À l'issue de cette 18e journée, le classement du Top 14 a subi une modification significative en tête. Grâce à cette victoire avec bonus offensif, Clermont s'est hissé provisoirement à la deuxième place du championnat. Ce positionnement a une importance symbolique et tactique majeure. Finir dans les deux premières places garantit non seulement une place en demi-finale à domicile, mais offre aussi un avantage psychologique énorme pour la suite de la saison.
Le rêve de Brennus, longtemps considéré comme une utopie par certains observateurs face aux budgets démesurés d'autres clubs, redevient un objectif réaliste pour les Auvergnats. Avec cinq victoires sur leurs six derniers matchs, la dynamique est indéniable. Le club a prouvé qu'il pouvait battre n'importe qui, surtout sur ses terres. La question qui se pose désormais n'est plus « peuvent-ils y croire ? », mais « jusqu'où pourront-ils aller ? ». L'équipe possède l'armure pour encaisser les coups et les épées pour percer les défenses les plus coriaces.
L'effet « Marcel-Michelin » : une forteresse pour les playoffs
L'effet « Marcel-Michelin » est une réalité statistique indéniable pour l'ASM cette saison. Avec une moyenne de 43 points marqués à domicile, le stade est devenu une citadelle inexpugnable. Cet avantage sera déterminant pour la course aux playoffs. Dans un rugby où l'avantage du terrain n'a jamais été aussi prépondérant, savoir que l'on peut gagner à domicile face à n'importe quel adversaire donne une tranquillité d'esprit immense.
Pour les phases finales, jouer au stade Marcel-Michelin est un atout quasiment décisif. La pression exercée par les 19 000 supporters sur l'arbitre et l'adversaire, combinée à la connaissance parfaite du terrain par les locaux, fait basculer de nombreuses rencontres. Si Clermont parvient à maintenir cette invincibilité à domicile pour le reste de la saison, ils deviendront les hommes à battre absolument.

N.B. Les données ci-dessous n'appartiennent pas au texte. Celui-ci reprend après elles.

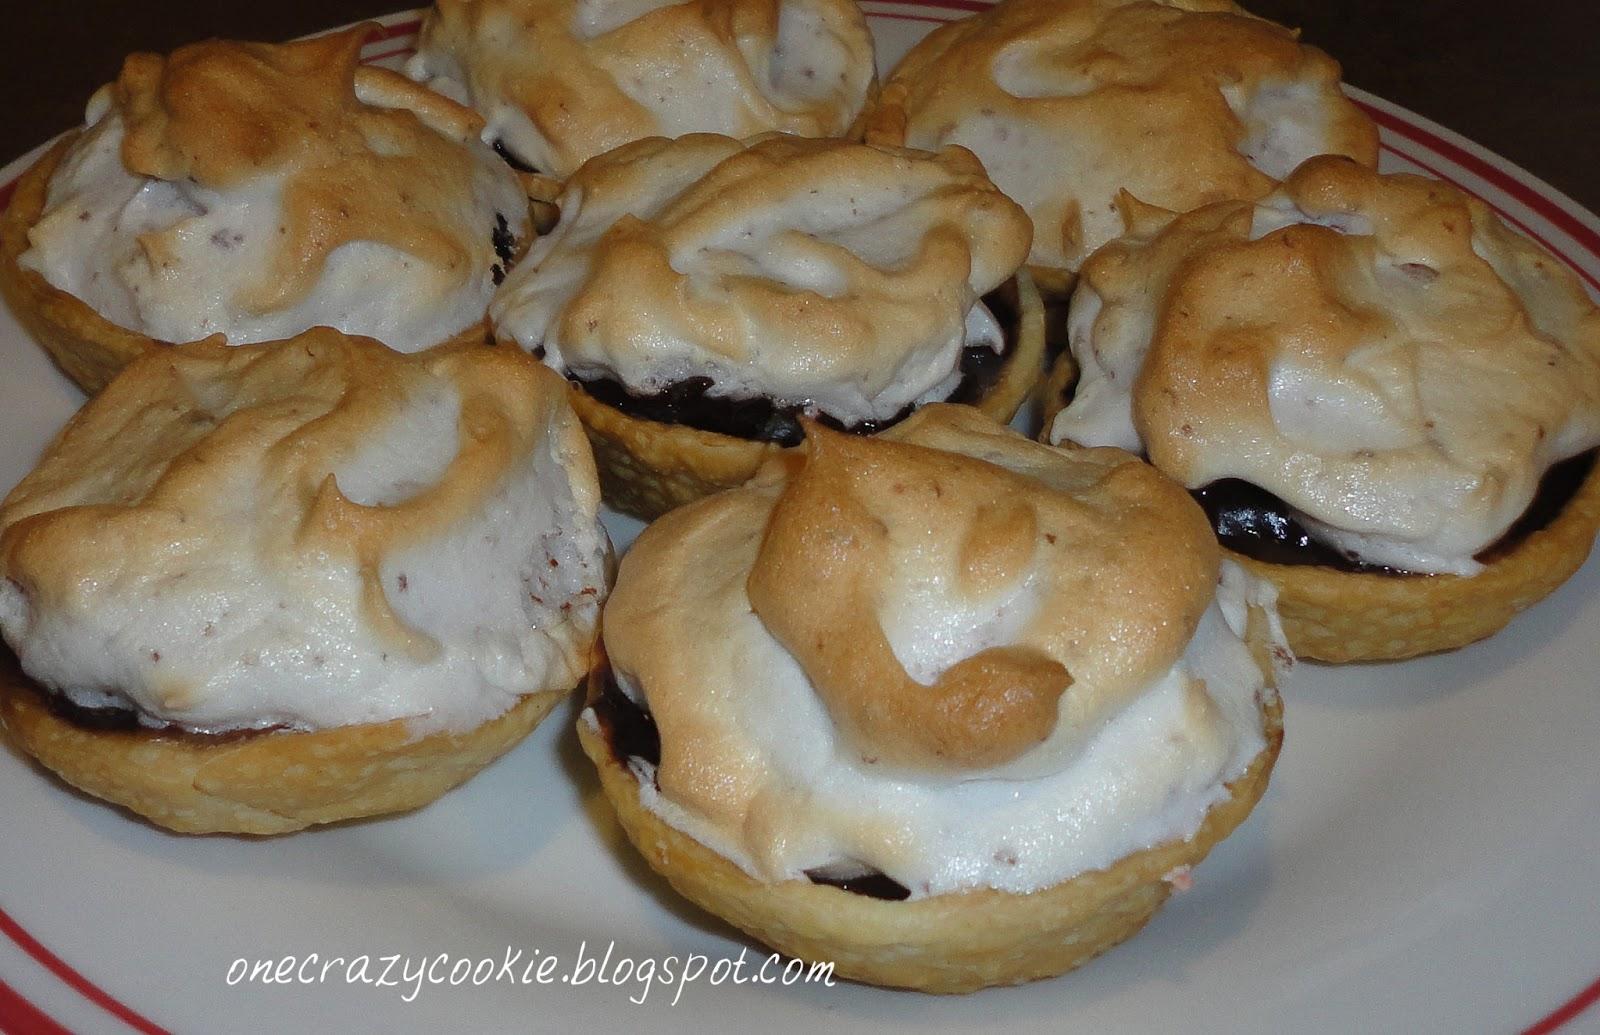 One Crazy Cookie: Mini Chocolate Meringue Pies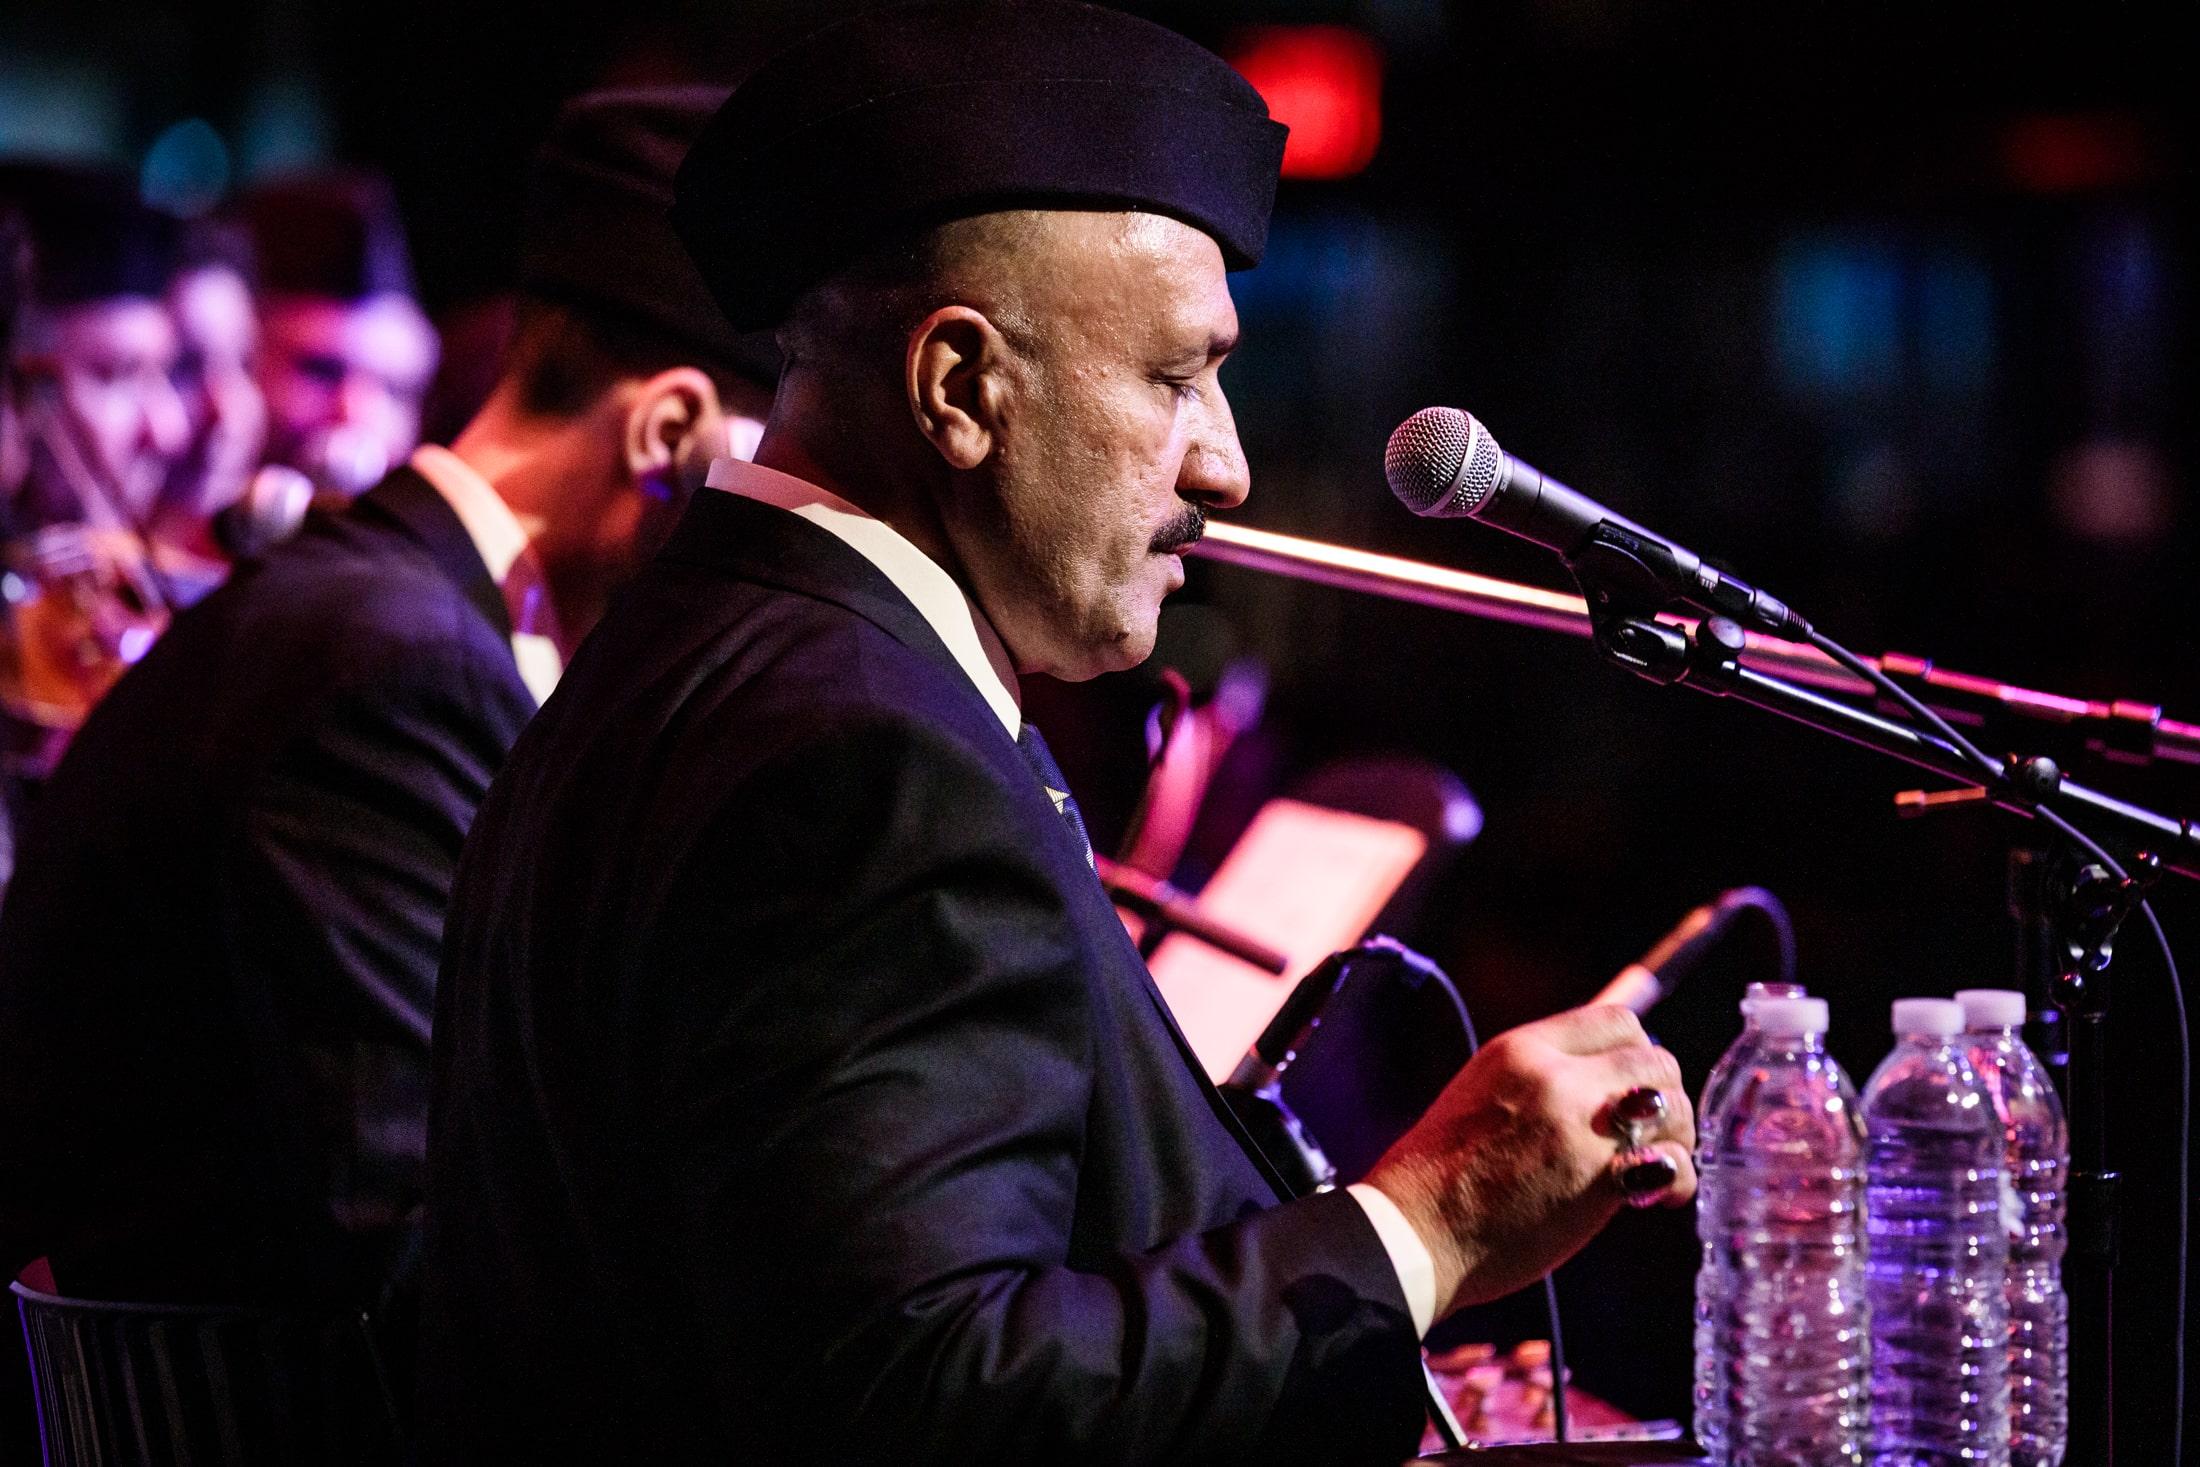 Hamid Al Saadi and Safaafir perform at Lincoln Center, March 2019. Photography by Sachyn Mital.

Le sommet (provisoire) comme tremplin psychologique
Occuper la deuxième place du classement, même provisoirement, agit comme un formidable tremplin psychologique pour les joueurs et le staff. Cela valide le travail accompli et conforte l'idée que les choix tactiques et stratégiques étaient les bons. Passer du statut d'outsider, celui qui peut créer la surprise, à celui de prétendant sérieux au titre, change la perception qu'ont les rivaux de l'ASM Clermont Auvergne.
Désormais, les équipes qui se rendront à Michelin ne le feront plus en espérant prendre un point à une équipe moyennement performante, mais en sachant qu'elles affrontent un des leaders du championnat. Cette pression supplémentaire sur les épaules des adversaires ne peut qu'avantager les Jaunards. Cette place de dauphin n'est pas un hasard, elle est le reflet d'une constance dans l'effort et d'une montée en puissance régulière depuis le début de l'année.
Le message est lancé : Clermont ne rigole plus avec le sommet
En conclusion, cette soirée du 28 février 2026 restera comme une déclaration de guerre adressée aux autres ténors du Top 14. Clermont a écrasé Bayonne sur le score de 38-15, certes, mais au-delà du tableau d'affichage, c'est la manière qui a fait mal. Une équipe disciplinée, physiquement dominante et tactiquement supérieure a déroulé son jeu. L'ASM s'est confirmé au plus haut niveau, montrant que sa place au sommet n'était pas volée. À l'inverse, l'Aviron Bayonnais sombre dans le doute et doit urgemment se reprendre sous peine de voir sa saison partir à vau-l'eau.
Le message est clair : Clermont ne rigole plus avec le sommet du championnat. Les Jaunards ont les armes, l'effectif et la confiance pour aller chercher ce Brennus qui leur manque cruellement. La route est encore longue, mais chaque victoire comme celle-ci construit la légende. Pour les supporters et pour le club, l'espoir est désormais permis, tangible et solide. La suite de la saison s'annonce passionnante.